As igrejas históricas compõem a paisagem de Pitangui. A Igreja do Senhor Bom Jesus é a mais antiga do perímetro urbano, construída em 1748, guardando uma riqueza arquitetônica e religiosa inestimável. Na praça Getúlio Vargas, também conhecida como Largo da Matriz, a Igreja de Nossa Senhora do Pilar se destaca. É a quarta matriz erguida no local e substituiu a antiga que foi destruída por um incêndio anos atrás. Nas escadarias em frente à Matriz estão sepultados os restos mortais de Padre Belchior Pinheiro de Oliveira, figura emblemática na história de Pitangui e de Minas Gerais. Ele foi conselheiro pessoal de Dom Pedro I e confidente legal do imperador.

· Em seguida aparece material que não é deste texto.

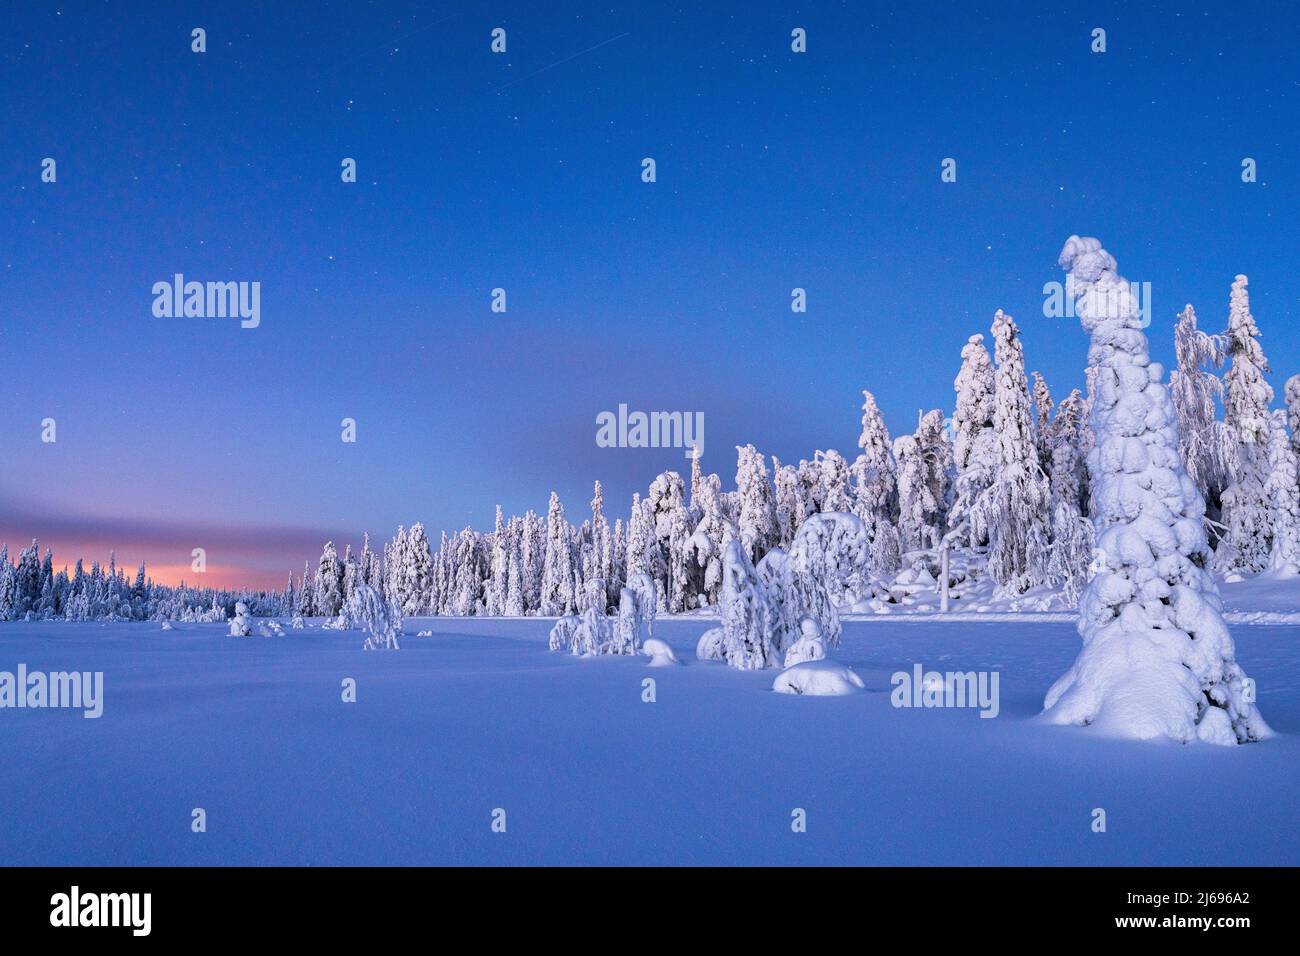 Frozen spruce trees covered with snow during winter dusk, Lapland, Finland, Europe Stock Photo

Outro ponto importante é o Instituto Histórico de Pitangui, que fica em um casarão imponente na região central da cidade. O local foi fundado em 1960 e é responsável pela salvaguarda do maior acervo bibliográfico do Centro-Oeste mineiro, com documentos datados desde o início do século XVIII.
Fazenda Ponte Alta, símbolo da história rural de Pitangui. O imóvel pertenceu a Maria Tangará, uma das mulheres mais emblemáticas da tradição local.
LUGAR QUE ENCANTA
Ao chegar a Pitangui não é difícil encontrar alguém que convide o visitante para um café e uma conversa sobre a história da cidade. Quem vive por lá costuma ser apaixonado pela herança que o passado deixou. “É uma cidade linda, com casarões históricos, igrejas centenárias. Uma cidade com características barrocas, com casas ao redor das igrejas, ladeiras e ruas íngremes e centenárias. E um povo acolhedor”, fala Maria José Valério, de 78 anos, nascida e criada em Pitangui.
Maria José foi professora, além de secretária de cultura e educação de Pitangui. Ela faz questão de destacar a importância de personagens marcantes da história da cidade. “Destaco nossas duas matriarcas, que é a Joaquina de Pompéu e a Maria Tangará. A fazenda da Joaquina estava dentro dos limites de Pitangui. Aqui temos muitos casos, temos o nosso folclore e muita coisa para contar e mostrar a quem nos visita”.
Prefeita de Pitangui, Maria Lúcia Cardoso, durante passagem da Expedição promovida pelo Comitê ao município, em 2023.
Hoje, um dos maiores desafios de Pitangui é preservar o passado olhando para o futuro, cuidando do patrimônio histórico sem renunciar ao desenvolvimento da cidade. “Pitangui tem um compromisso profundo com suas raízes e com a natureza que nos cerca. Nosso desafio diário é equilibrar o respeito pela história de 310 anos, preservando casarões, igrejas e tradições culturais, com a necessidade de preparar a cidade para o futuro – e isso também significa proteger os córregos que cortam o município”, conta Maria Lúcia Cardoso, prefeita de Pitangui.
Ainda segundo ela, um passo importante foi a construção da primeira Estação de Tratamento de Esgoto (ETE) do município, que hoje atende cerca de 600 famílias e garante o tratamento de 80% do esgoto gerado. “Estamos ainda trabalhando em um projeto para extinguir o lixão da cidade e avançar em uma política de saneamento básico que leve o tratamento de esgoto a todo o município”, finaliza a prefeita.
Imagem de Nossa Senhora das Dores, ícone da fé pitanguiense, preservada após o incêndio que destruiu a antiga matriz em 1914. Hoje, é um símbolo de resistência e devoção da comunidade.
A imponente Matriz de Nossa Senhora do Pilar domina a paisagem do Largo da Matriz. Erguida após o incêndio da antiga igreja, mescla elementos neoclássicos e neogóticos em sua arquitetura.